- Tom Patterson accepting an EY Entrepreneur of the Year award
- Born: February 12, 1979 (age 47)
- Education: Arizona State University
- Occupation: Businessperson
- Years active: 2008–present
- Known for: Founder and CEO of Tommy John

= Tom Patterson (entrepreneur) =

American entrepreneur (born 1979)

Tom Patterson (born February 12, 1979) is an American entrepreneur, who founded the Tommy John company in 2008.

==Early life==
Patterson was raised in South Dakota. He graduated from Milbank High School in 1998 and went on to attend Arizona State University, where he graduated with a degree in business communications.

==Career==
Patterson began his career as a medical device salesman, a position from which he was released in wake of the Great Recession. Frequently wearing business attire as part of his position, Patterson became irritated with the fit of his undershirts, which led him to design a new undershirt for himself.

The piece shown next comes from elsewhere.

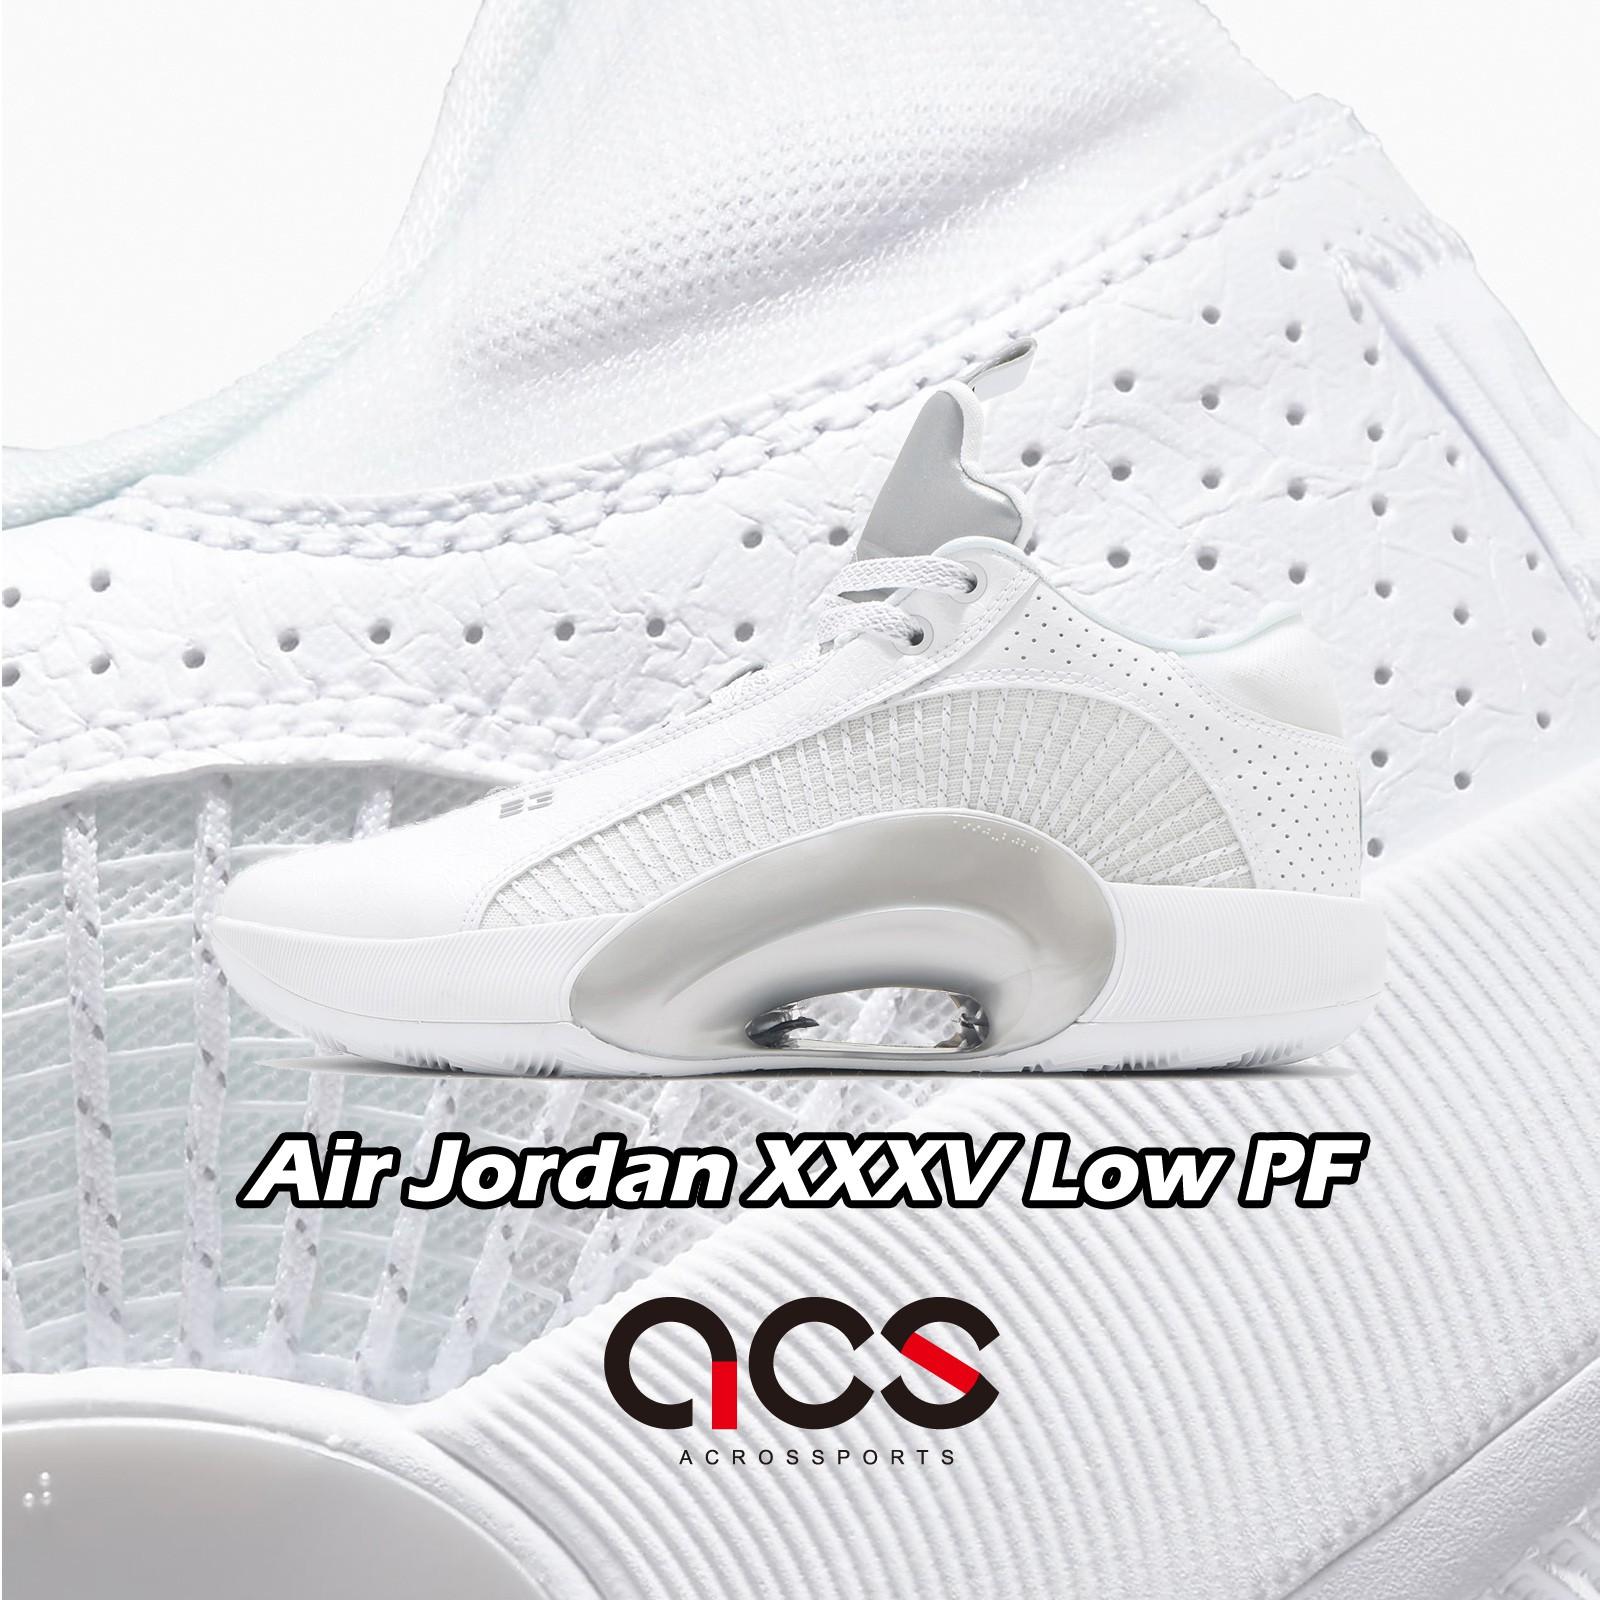 Nike 籃球鞋 Air Jordan XXXV Low PF 白 銀 喬丹 35 男鞋【ACS】 CW2459-100

After being let go from his sales job, Patterson began selling his undershirts from his apartment in San Diego. He founded Tommy John with his wife, Erin Fujimoto, in 2008. Lacking a background in fashion, Patterson used his sales skills from his previous position to expand the company. Under his leadership, Tommy John expanded their product range to include socks, sportswear, and underwear, The company was incorporated in 2012 and is headquartered in New York City.

==Accolades==
Patterson was included in Crain's New York Business magazine's "Forty under 40" list in 2016, and he was named EY's Entrepreneur of the Year New York for Retail and Consumer Goods in 2017.